TOPICS > Science

President Obama Nominates Candidates for Energy and Environmental Team

March 4, 2013 at 12:00 AM EDT
At the first cabinet meeting of his second term, President Obama announced nominations for the positions of budget, energy, and environmental policy. Gwen Ifill talks with lobbyist Scott Segal of Bracewell & Giuliani LLP and Michael Brune, president of the Sierra Club, to learn more about the president's picks and larger agenda.
LISTEN SEE PODCASTS

TRANSCRIPT

GWEN IFILL: President Obama convened the first Cabinet meeting of his second term today, even as he continued to fill seats left open at that table.

Sylvia Burwell, the president of the Wal-Mart Foundation, was nominated to head the Office of Management and Budget. She served as deputy director of that agency during the Clinton administration. And the president’s picks on energy and environment brought other policy priorities into sharper focus.

PRESIDENT BARACK OBAMA: Everybody, have a seat. Have a seat.

GWEN IFILL: The president filled two more seats for his second-term Cabinet this morning, the nominees: Ernest Moniz, who would be energy secretary, and Gina McCarthy, who would run the Environmental Protection Agency. Both require Senate confirmation.
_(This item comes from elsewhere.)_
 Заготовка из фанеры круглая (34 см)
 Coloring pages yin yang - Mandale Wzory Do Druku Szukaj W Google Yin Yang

PRESIDENT OBAMA: They’re going to be making sure that we’re investing in American energy, that we’re doing everything that we can to combat the threat of climate change, that we’re going to be creating jobs and economic opportunity in the first place. They are going to be a great team. And these are some of my top priorities going forward.
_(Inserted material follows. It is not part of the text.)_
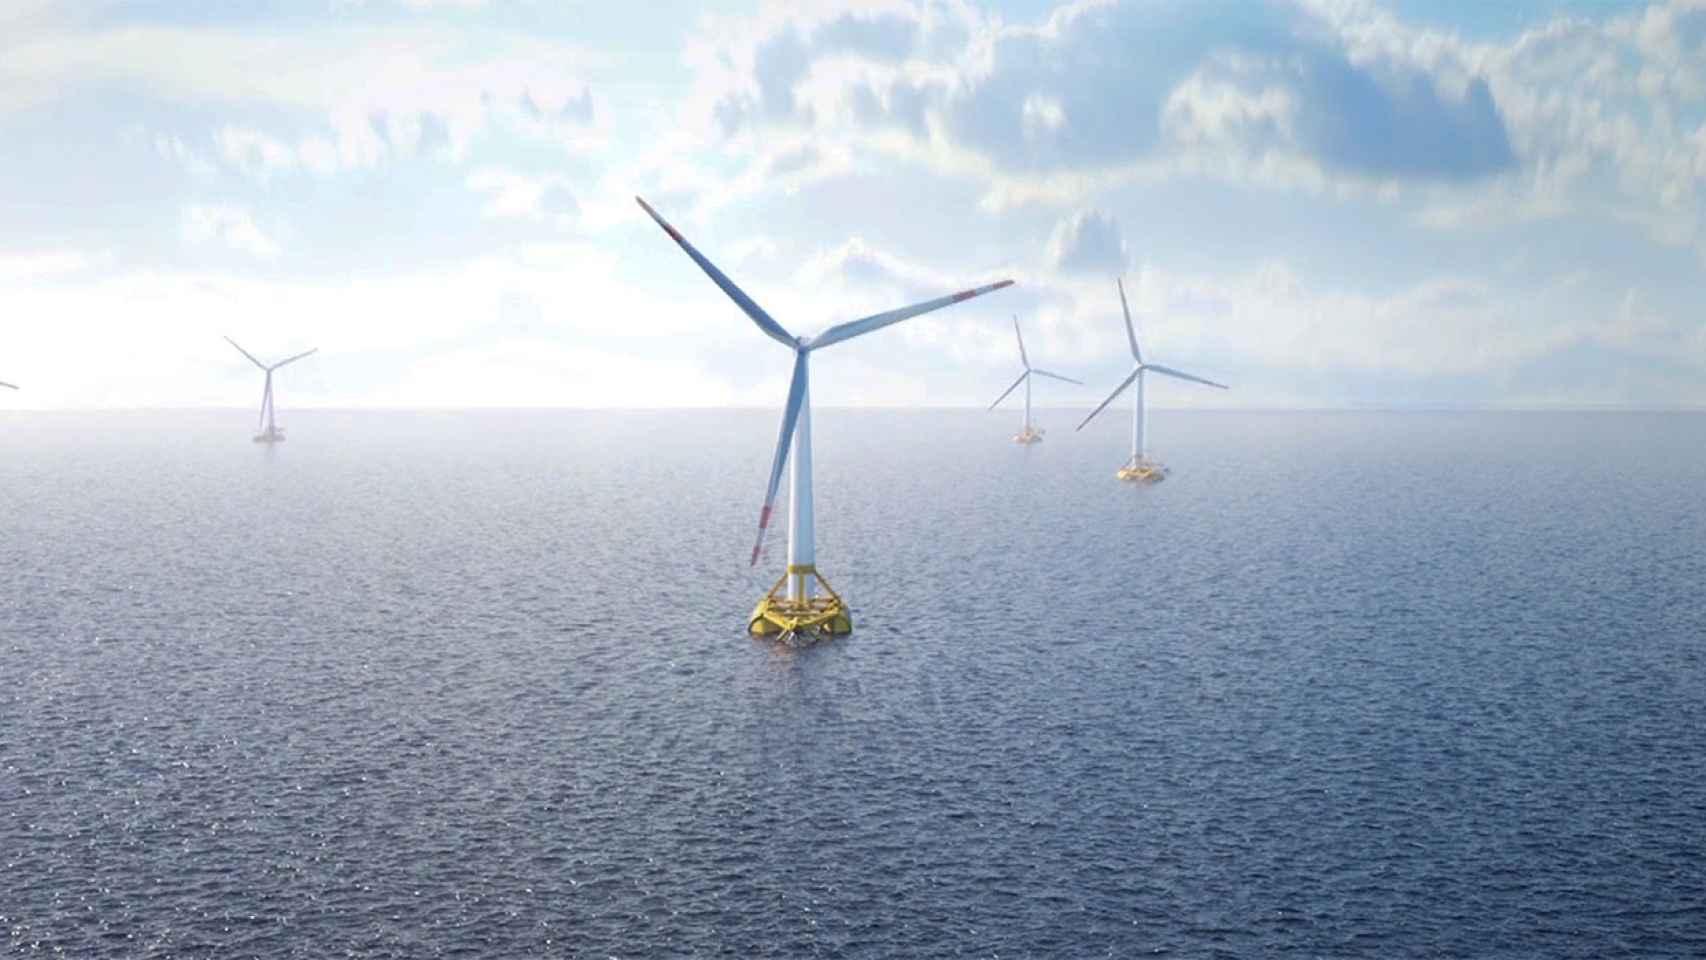 Saitec logra 2,4 millones de la Comisión Europea para acelerar su tecnología eólica marina flotante

GWEN IFILL: Moniz is an MIT physicist who runs an energy initiative on new ways to produce power and curb emissions. He also served as undersecretary of energy during the Clinton administration. McCarthy already works in the administration as assistant administrator for the EPA’s Office of Air and Radiation. She has run state environmental agencies in Connecticut and Massachusetts, working for five governors, including Mitt Romney.

Moniz and McCarthy would replace outgoing Cabinet members Steven Chu and Lisa Jackson. Early last month, the president also tapped business executive Sally Jewell to replace Ken Salazar as interior secretary. The nominees face major challenges. One imminent decision involves debate over approval of the Keystone XL pipeline that would move crude oil from Canada to the Gulf. The project has drawn environmental protests, but a draft report released by the State Department last week suggested there might be minimal adverse impact if proper precautions are taken.

Republicans like Oregon Congressman Greg Walden are pressing for approval.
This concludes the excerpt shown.